§ **Dataset section**
/---
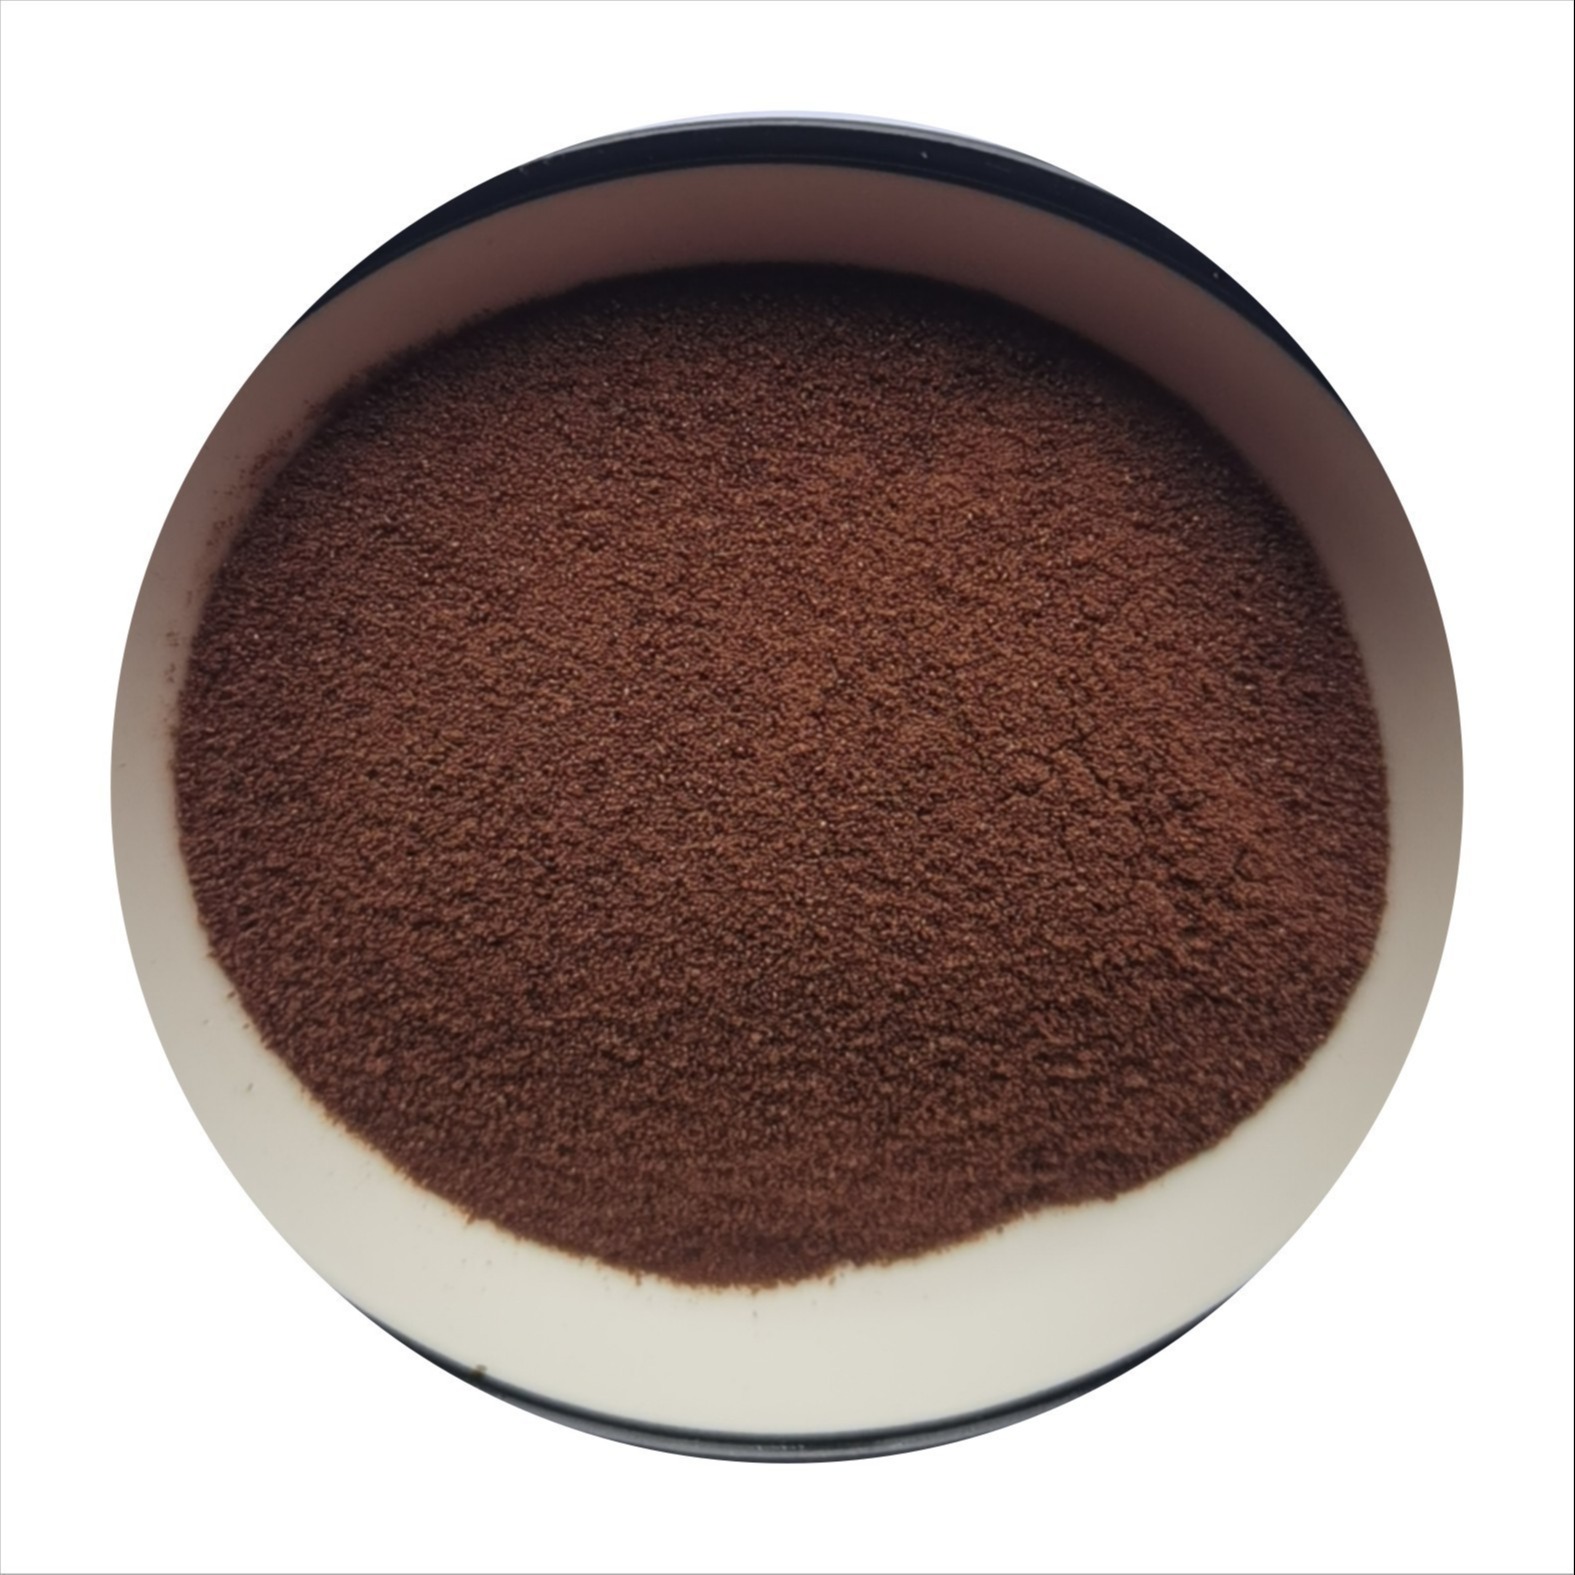 黑咖啡粉  食品级速溶咖啡粉  厂家现货供应图片
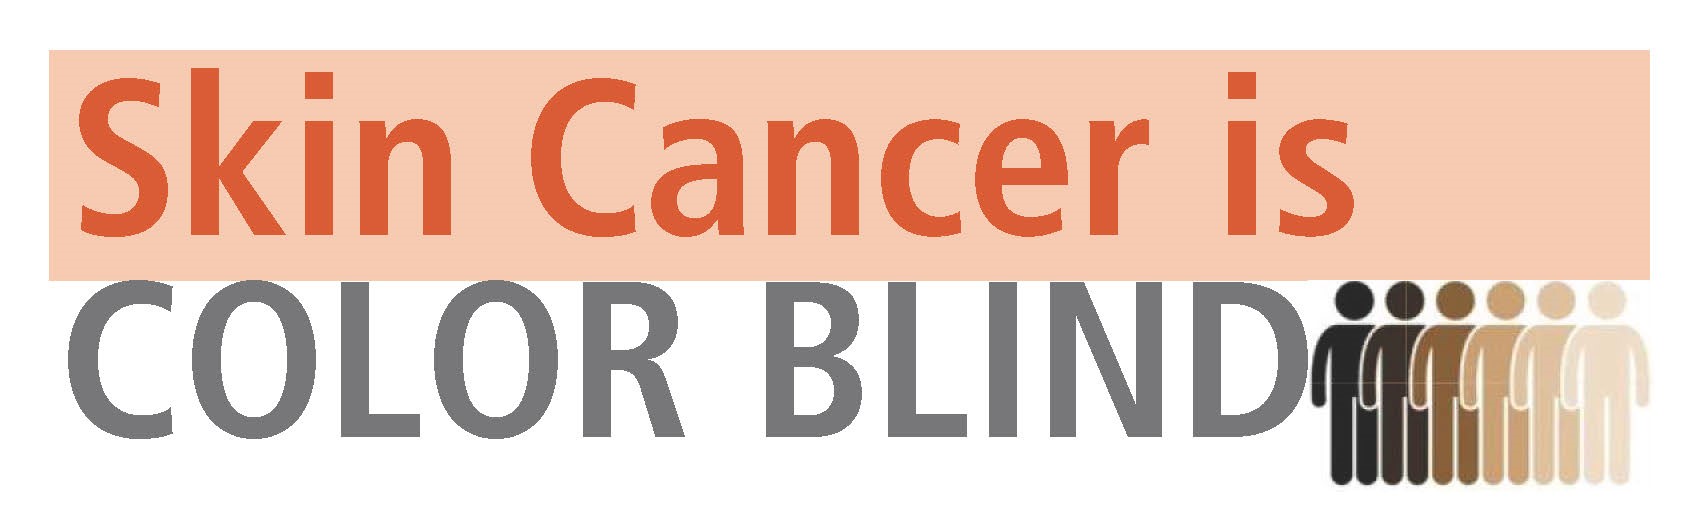 Skin Cancer is color blind
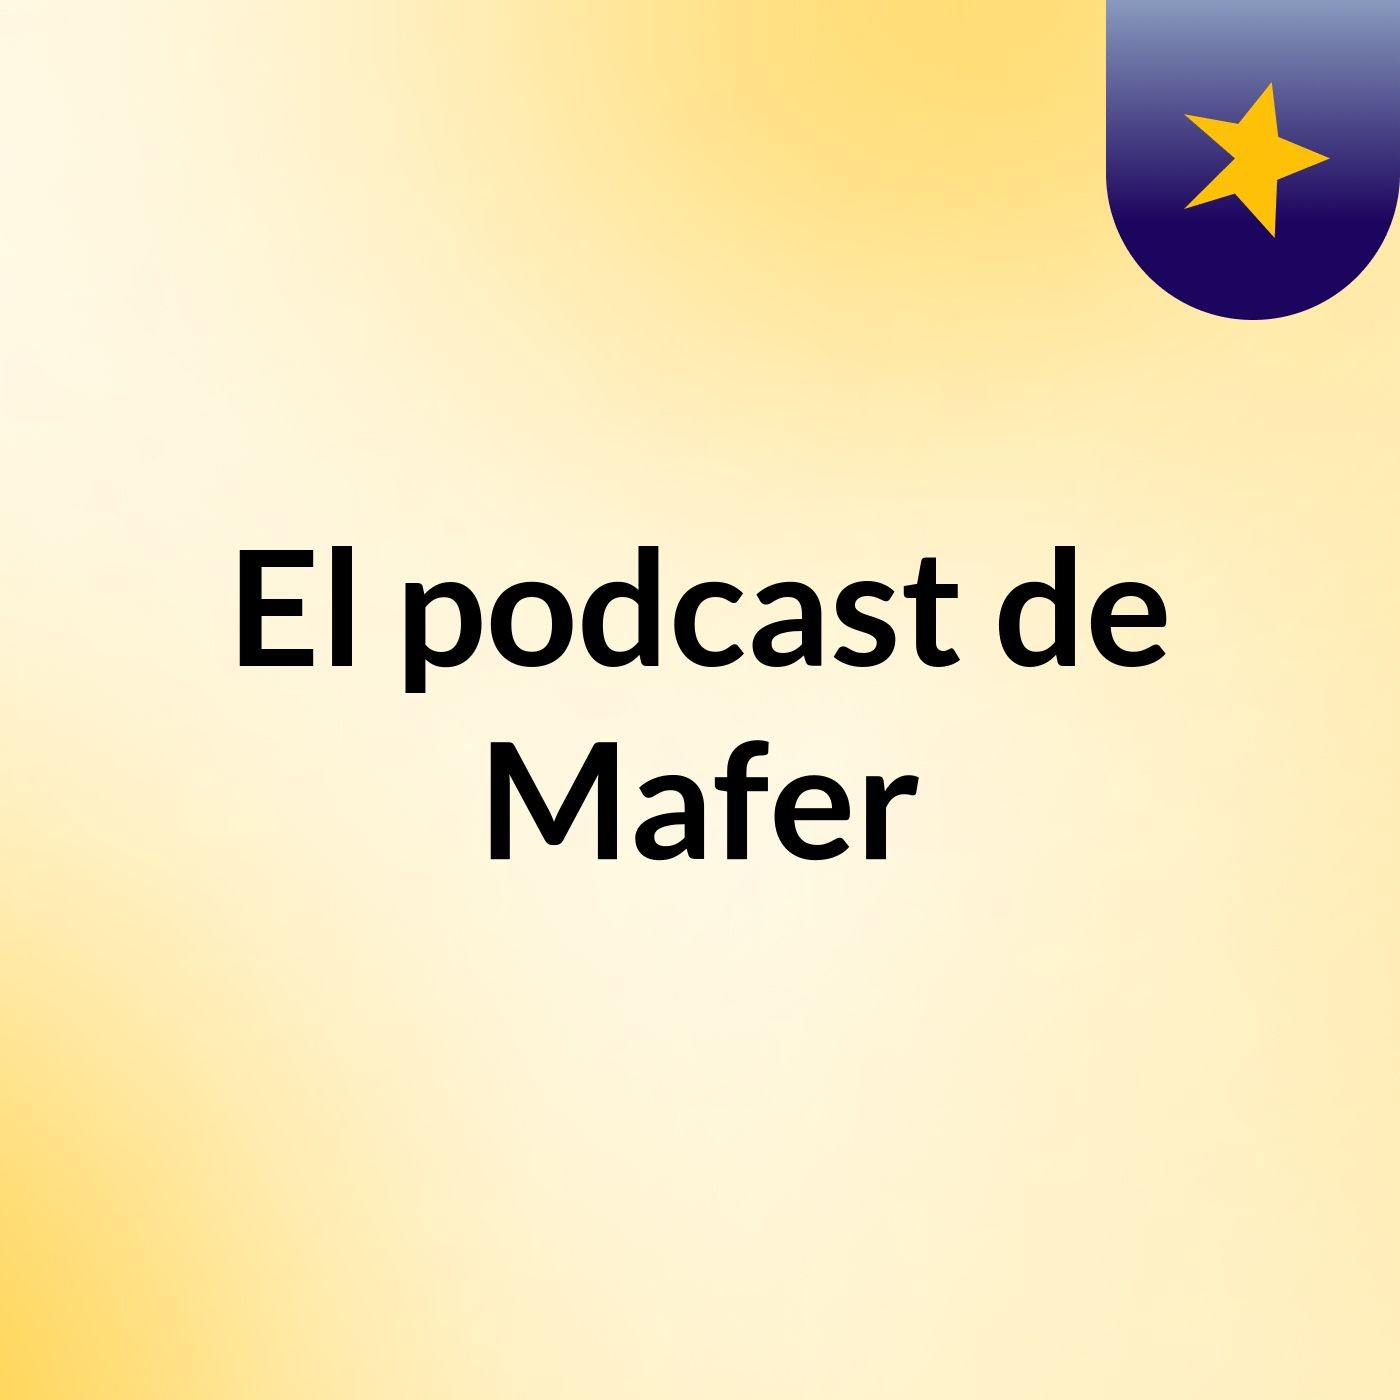 Episodio 12 - El podcast de Mafer
\---
Could you restate the material word for word, skipping any pictures it holds?

§ **Reply to the exercise**
 黑咖啡粉  食品级速溶咖啡粉  厂家现货供应图片
 Skin Cancer is color blind
 Episodio 12 - El podcast de Mafer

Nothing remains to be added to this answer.